Culture

The 10 Best Independent Bookstores Worth Visiting

JB

Jordan Blake

2024-11-08 · 7 min read

The 10 Best Independent Bookstores Worth Visiting

Powell's City of Books in Portland, Oregon, occupies an entire city block and contains over a million books. It is the largest independent bookstore in the world, organized into color-coded rooms that you can get lost in for hours. The mix of new and used stock means you might find a first edition next to a remaindered paperback. It is a labyrinth with a coffee shop.

Shakespeare and Company in Paris sits on the Left Bank across from Notre-Dame, and it is exactly as romantic as that sounds. The current shop, opened in 1951, carries on the legacy of Sylvia Beach's original, which published James Joyce's Ulysses. Writers can sleep among the shelves in exchange for helping out, and the readings attract literary heavyweights regularly.

The Strand in New York City advertises 18 miles of books, and that might be an undercount. The flagship on Broadway and 12th Street has been open since 1927 and survived every economic downturn, including the one everyone assumed would kill it. The basement rare book room is worth the visit alone, and the dollar carts outside are a New York institution.

Libreria in London's Shoreditch neighborhood organizes books by theme rather than genre or author. Instead of fiction and nonfiction sections, you find shelves labeled things like Enchantment for the Disenchanted and The Sea and the Sky. The space was designed by artist and writer Stuart Bertolotti-Bailey, and it makes browsing feel like exploring someone's brilliant, eccentric mind.

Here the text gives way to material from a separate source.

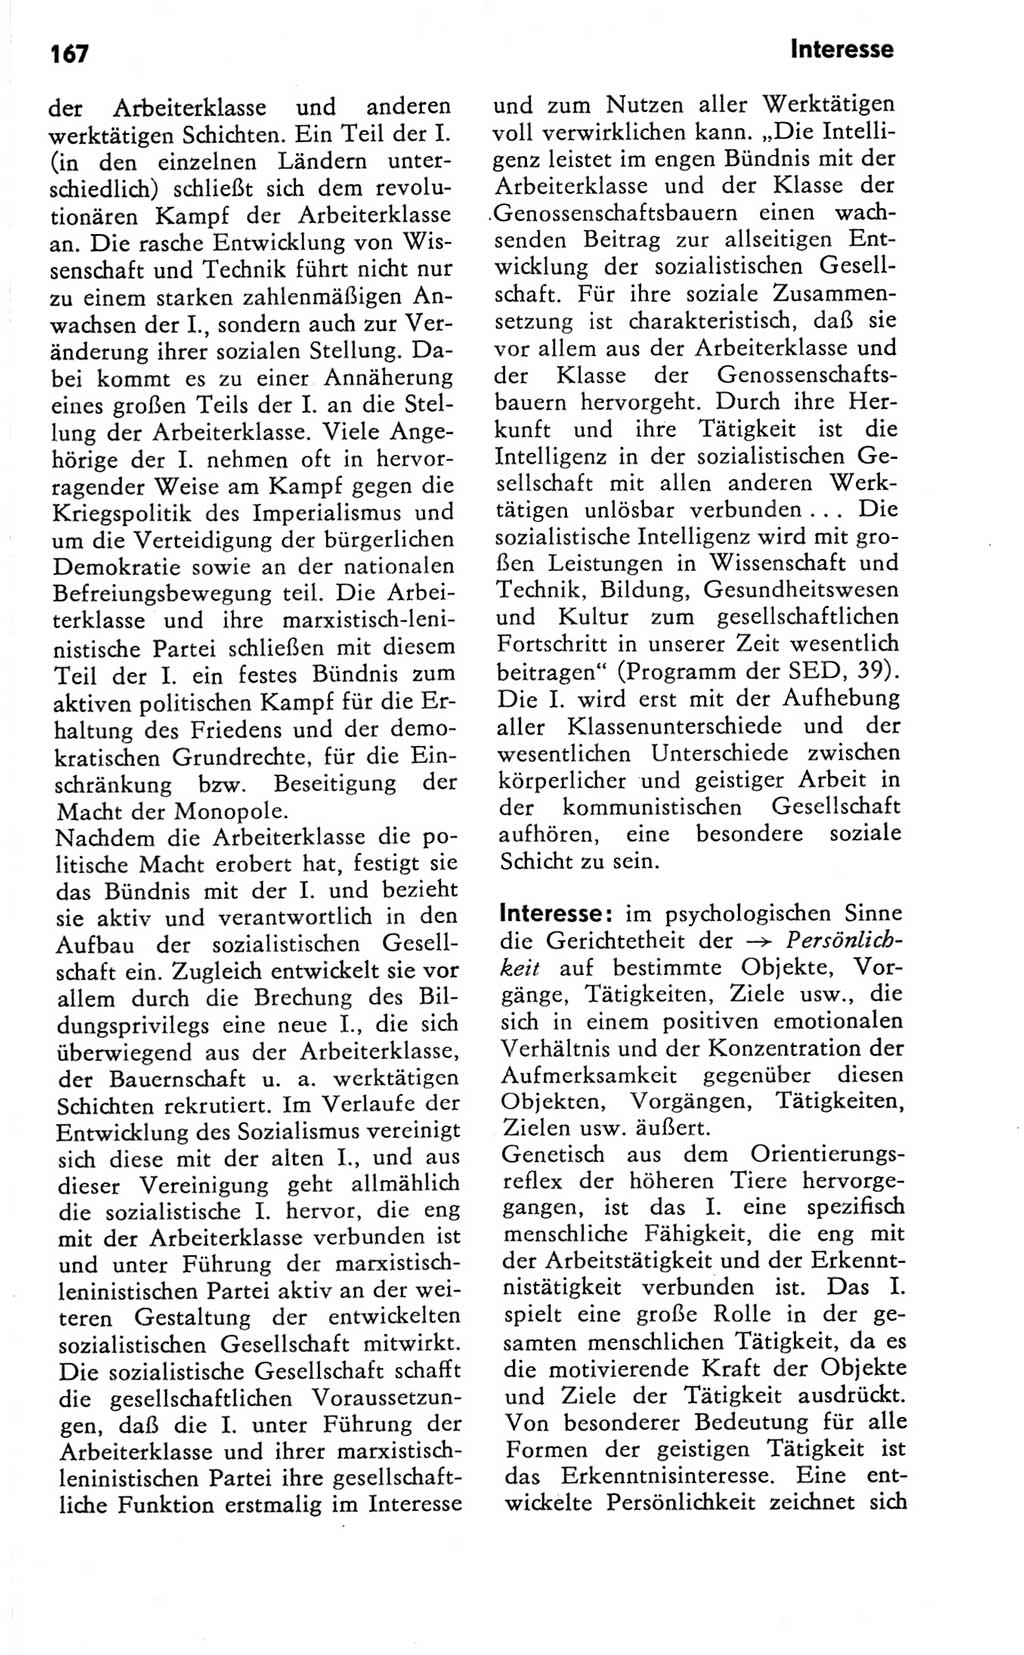 Kleines Wörterbuch der marxistisch-leninistischen Philosophie [Deutsche Demokratische Republik (DDR)] 1981, Seite 167 (Kl. Wb. ML Phil. DDR 1981, S. 167)

City Lights in San Francisco is where Allen Ginsberg's Howl was first published, making it arguably the most important bookstore in American literary history. Founded by Lawrence Ferlinghetti in 1953, it remains a beacon for progressive literature and poetry. The upstairs poetry room is a quiet sanctuary in the middle of North Beach.

Also worth the trip: Daunt Books in London, Books Are Magic in Brooklyn, Elliott Bay Book Company in Seattle, Tattered Cover in Denver, and Livraria Lello in Porto, Portugal, whose gorgeous neo-Gothic interior reportedly inspired Hogwarts. Independent bookstores are not just surviving, they are thriving because algorithms will never replicate the experience of browsing.